La renaissance de certaines espèces permet la revitalisation d'écosystèmes
Souvent contraints d'étudier les conséquences de la disparition d'une espèce, les scientifiques ont parfois l'occasion de se pencher sur le phénomène inverse, quand des espèces qui étaient en voie d'extinction connaissent une renaissance spectaculaire.
Des études ont montré qu'un tel retour d'espèces qualifiées de "clés de voute", celles qui ont un rôle majeur sur leur environnement, est vital pour la santé des écosystèmes.
Voici quelques exemples en Amérique du Nord.
- Loups gris
Le loup, pourtant adulé par certaines tribus amérindiennes, a été diabolisé et exterminé par les colons européens arrivés à partir du XVIe siècle.
Au milieu du XXe siècle, on comptait moins d'un millier de loups gris aux Etats-Unis (hors Alaska) alors que l'on estime qu'au moins 250.000 d'entre eux arpentaient le territoire avant l'arrivée des Européens.
Une extinction totale a été évitée dans les années 1970 avec l'adoption d'une loi sur les "espèces en danger", qui a permis de voir le retour de ce prédateur dans certaines parties du pays.
Dans les années 1990, le gouvernement américain a également réintroduit des loups provenant du Canada dans le célèbre parc national de Yellowstone.
La réintroduction a permis d'éviter une prolifération des élans, et par conséquent d'éviter que ces ongulés géants ne ravagent la végétation qui fournit du matériel important aux oiseaux nidificateurs et aux castors pour leurs barrages.
Amaroq Weiss, une biologiste et militante pour la cause du loup au Centre pour la diversité biologique, situé dans l'Arizona, compare les écosystèmes à une tapisserie très fournie. "Quand nous tirons sur certains fils, nous affaiblissons la tapisserie", a-t-elle affirmé à l'AFP.
On estime aujourd'hui à plus de 6.000 le nombre de loups gris aux Etats-Unis, hors Alaska, mais l'espèce reste menacée par la chasse, légale dans certaines régions.
- Bison
L'histoire du bison d'Amérique est étroitement liée à la face sombre des Etats-Unis et de ses débuts.
Leur nombre est passé de quelque 30 millions à seulement quelques centaines à la fin du XIXe siècle, au moment où le gouvernement américain a cherché à éradiquer le bison des Grandes plaines, où résidaient des tribus amérindiennes qui dépendaient grandement du bovin pour leur survie.
"Ce fut un génocide intentionnel pour supprimer le bison, pour supprimer les Indiens, et les forcer à aller dans des réserves" indiennes, a déclaré à l'AFP Cody Considine de l'association environnementale TNC, qui tente d'opérer un retour de l'espèce dans les prairies Nachusa de l'Illinois, dans le nord des Etats-Unis.
Le bison préfère se nourrir d'herbe et laisse ainsi plus de place aux plantes à fleurs et aux légumineuses, permettant en retour à une multitude d'espèces d'oiseaux, d'insectes, et d'amphibiens de proliférer.
Avec ses sabots, le bison laboure également le sol, facilitant ainsi la croissance des plantes et la dispersion des graines.
On estime qu'environ 20.000 bisons arpentent désormais le territoire américain au sein de "troupeaux de conservation".
- Loutres de mer
Historiquement, la loutre de mer était observable de la péninsule mexicaine de Basse-Californie jusqu'à l'Alaska, la Russie et le nord du Japon.
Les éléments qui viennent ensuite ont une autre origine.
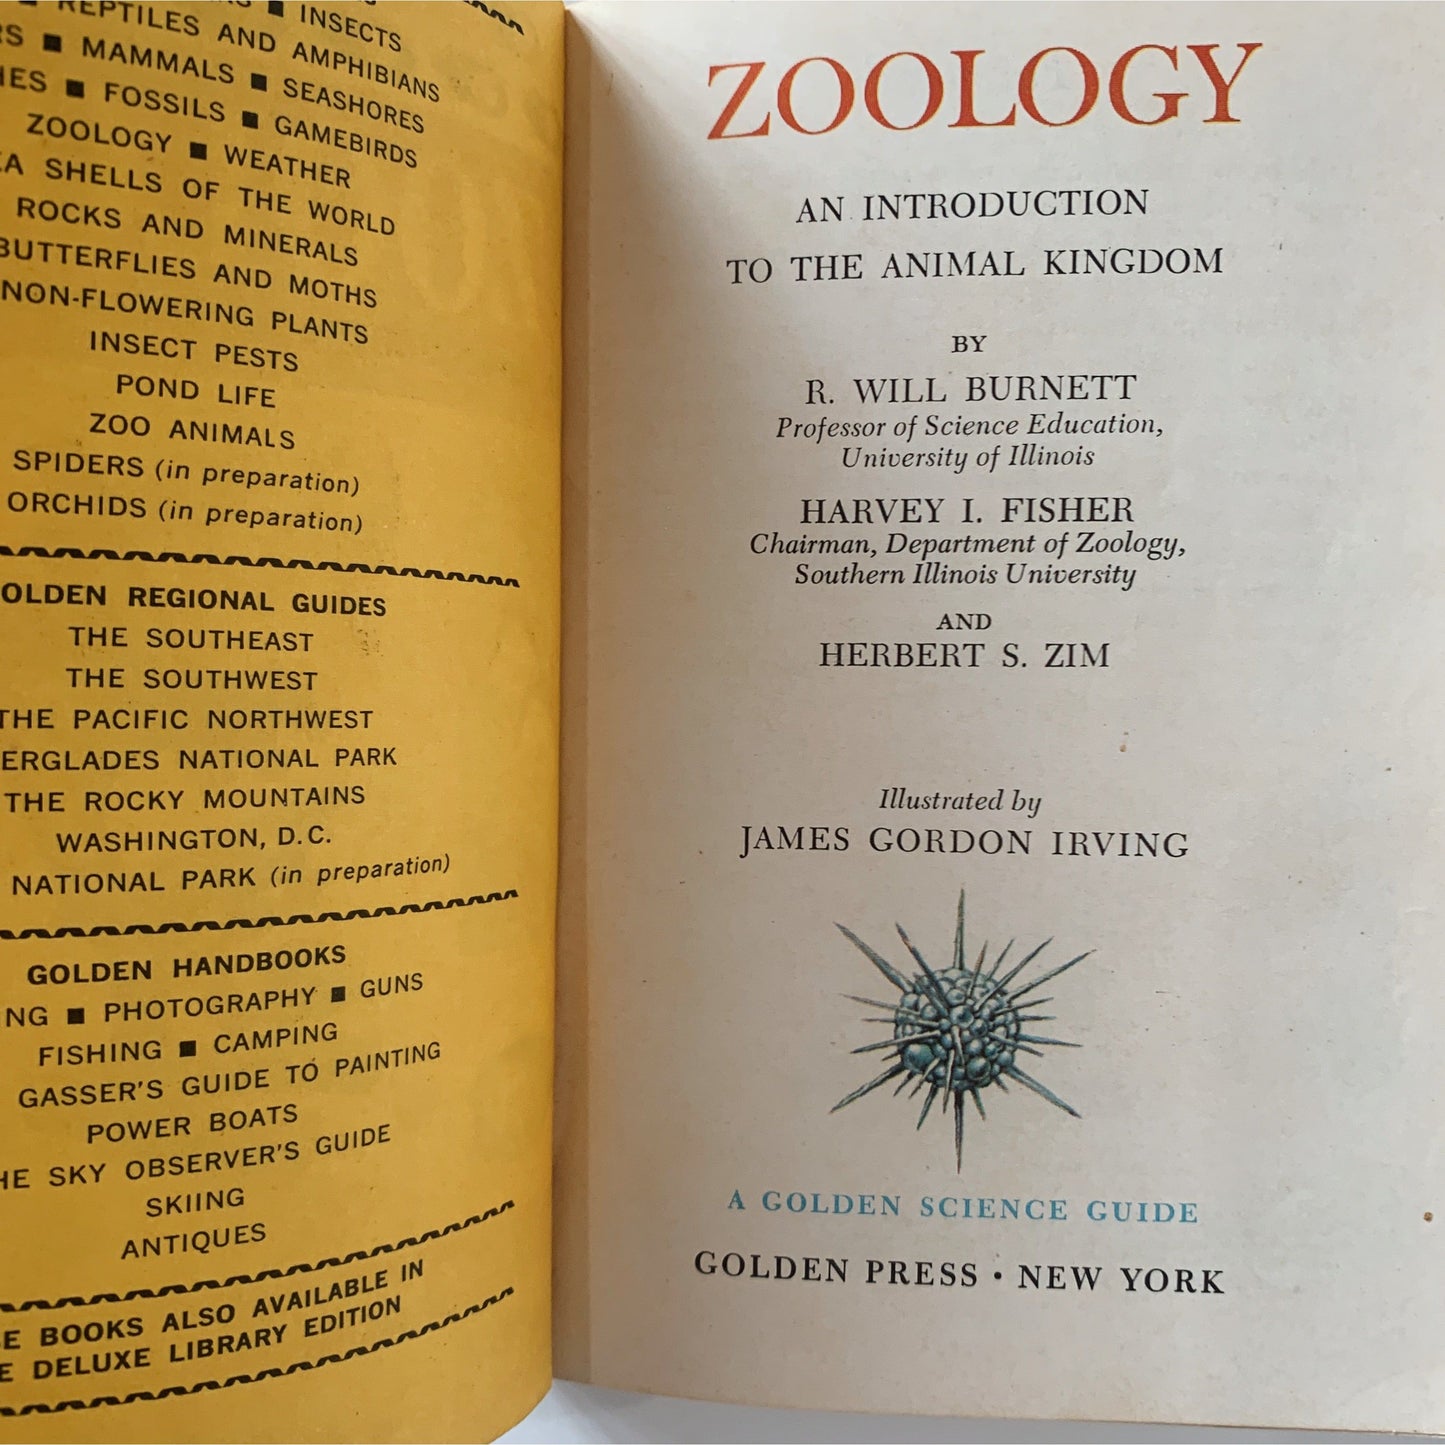 Zoology: An Introduction to the Animal Kingdom, A Golden Science Guide 1958

Mais sa traque au XVIIIe et XIXe siècle a décimé l'espèce, qui avoisinait les 300.000 individus à une époque.
Considérée comme complètement éteinte des rivages de Californie, une petite population survivante de 50 loutres de mer a permis une renaissance de l'espèce dans la région, qui comprend désormais environ 3.000 de ces mammifères aquatiques.
Jess Fujii, qui dirige le programme des loutres de mer à l'Aquarium de la baie de Monterey en Californie, a déclaré à l'AFP que des travaux de recherche menés au cours des années 1970 dans les îles Aléoutiennes, au large de l'Alaska, ont démontré que les loutres de mer avaient permis la préservation d'espèces d'algues géantes, en gardant à l'équilibre la population d'oursins qui se nourrissaient de ces algues.
Dans les estuaires de Californie, les loutres de mer ont équilibré les populations de crabes, signifiant en retour davantage de limaces de mer qui se nourrissaient d'algues, permettant à son tour de maintenir les zostères, des plantes marines.
Ces zostères sont considérées comme des "crèches des mers" pour les jeunes poissons, et permettent aussi de réduire l'érosion du littoral.